Quantity and quality of musical practice as predictors of performance quality

Williamon, A. and Valentine, E. (2000) Quantity and quality of musical practice as predictors of performance quality. British Journal of Psychology, 91 (3). pp. 353-376. ISSN 0007-1269 (print) 2044-8295 (online)


Twenty-two pianists, classified into four levels of skill, were asked to learn and memorize an assigned composition by J. S. Bach (different for each level). All practice was recorded on cassette tape. At the end of the learning process, the pianists performed their composition in a recital setting. The resulting performances were evaluated by three experienced piano teachers. From the cassette tapes, values for the quantity of practice were obtained.
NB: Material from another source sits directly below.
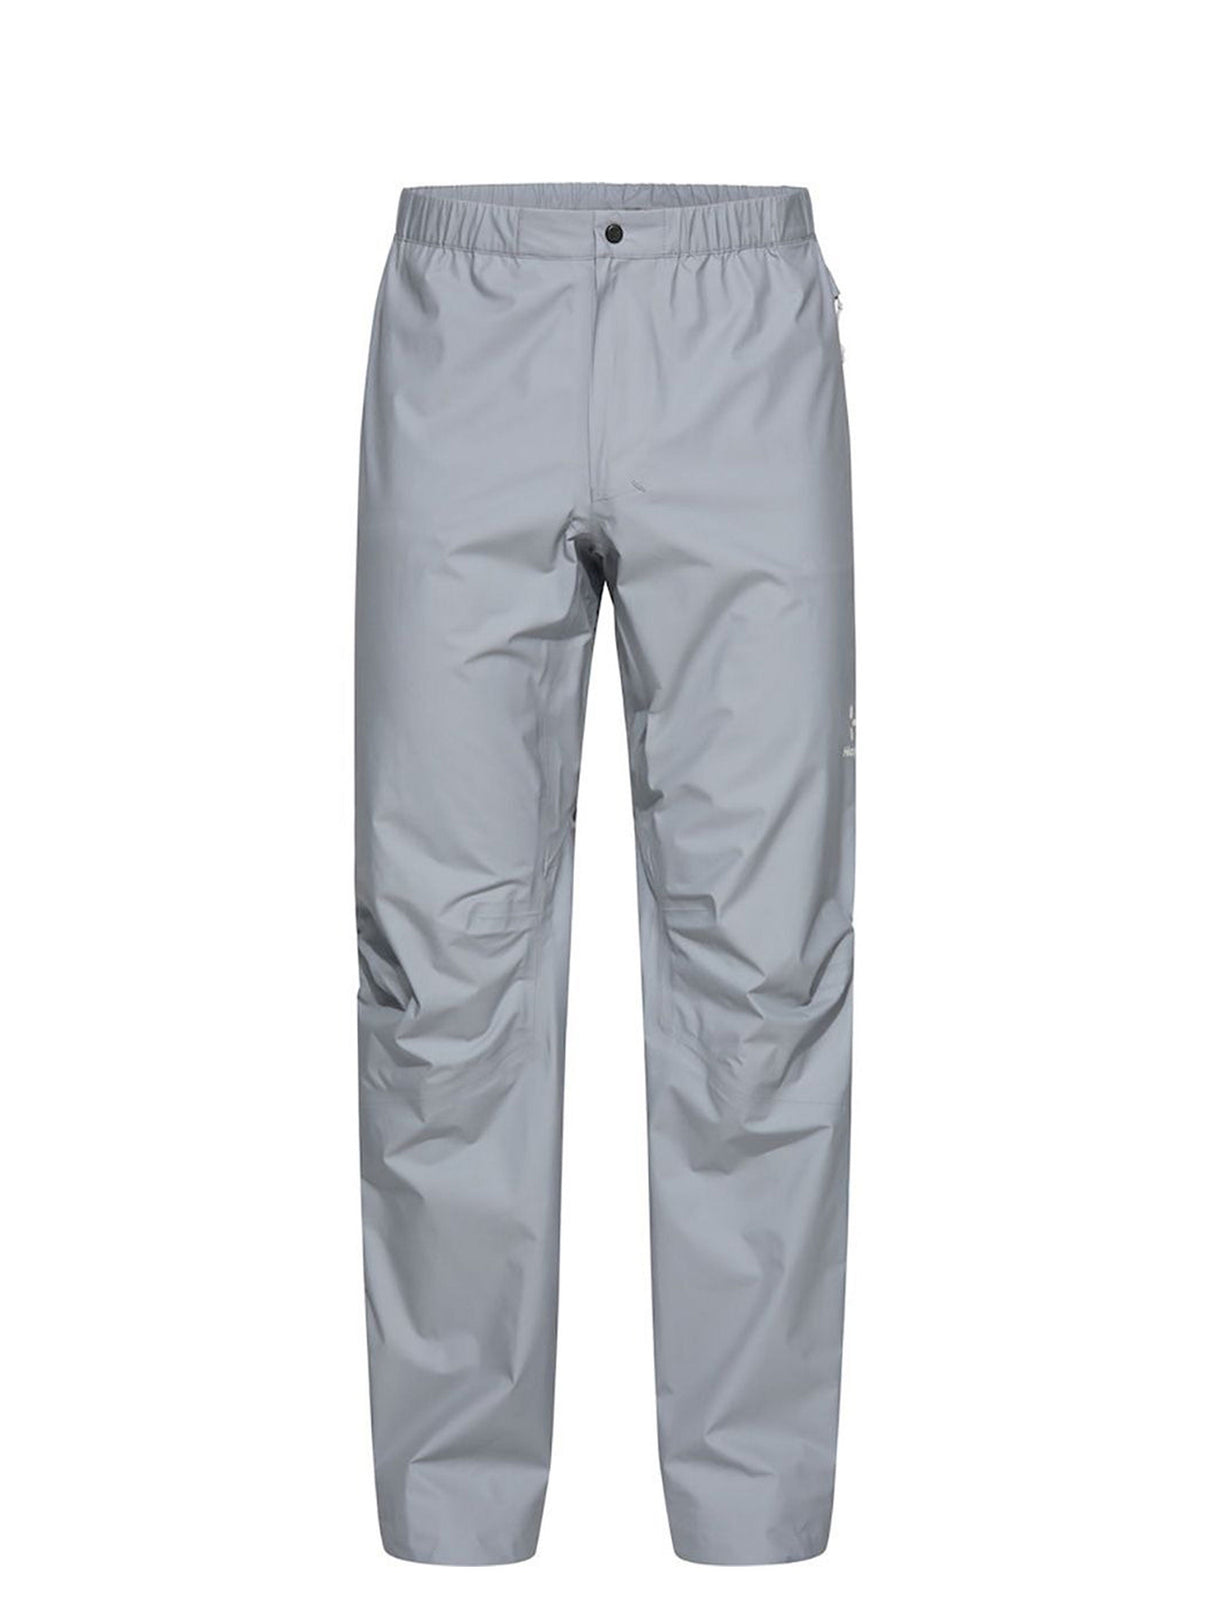 Image for Men's Sickline Ski Pant,Light Grey

These values were compared across all four levels of skill and examined to reveal whether they were related to quality of performance. The analyses indicate that the standard deviations of the amount of time spent in each practice session increased systematically with level of skill and that pianists at higher levels spent more time in each practice session. Quantity of practice, however, was not significantly related to quality of performance. Rather, pianists who employed longer practice segments by the middle stage of practice produced better musical, communicative and technical performances. These findings stand in defiance of the argument that quantity of practice is the fundamental determinant of the quality of performance. Instead, they suggest that the content and quality of an individual s practice must be examined when investigating the determinants of musical skill.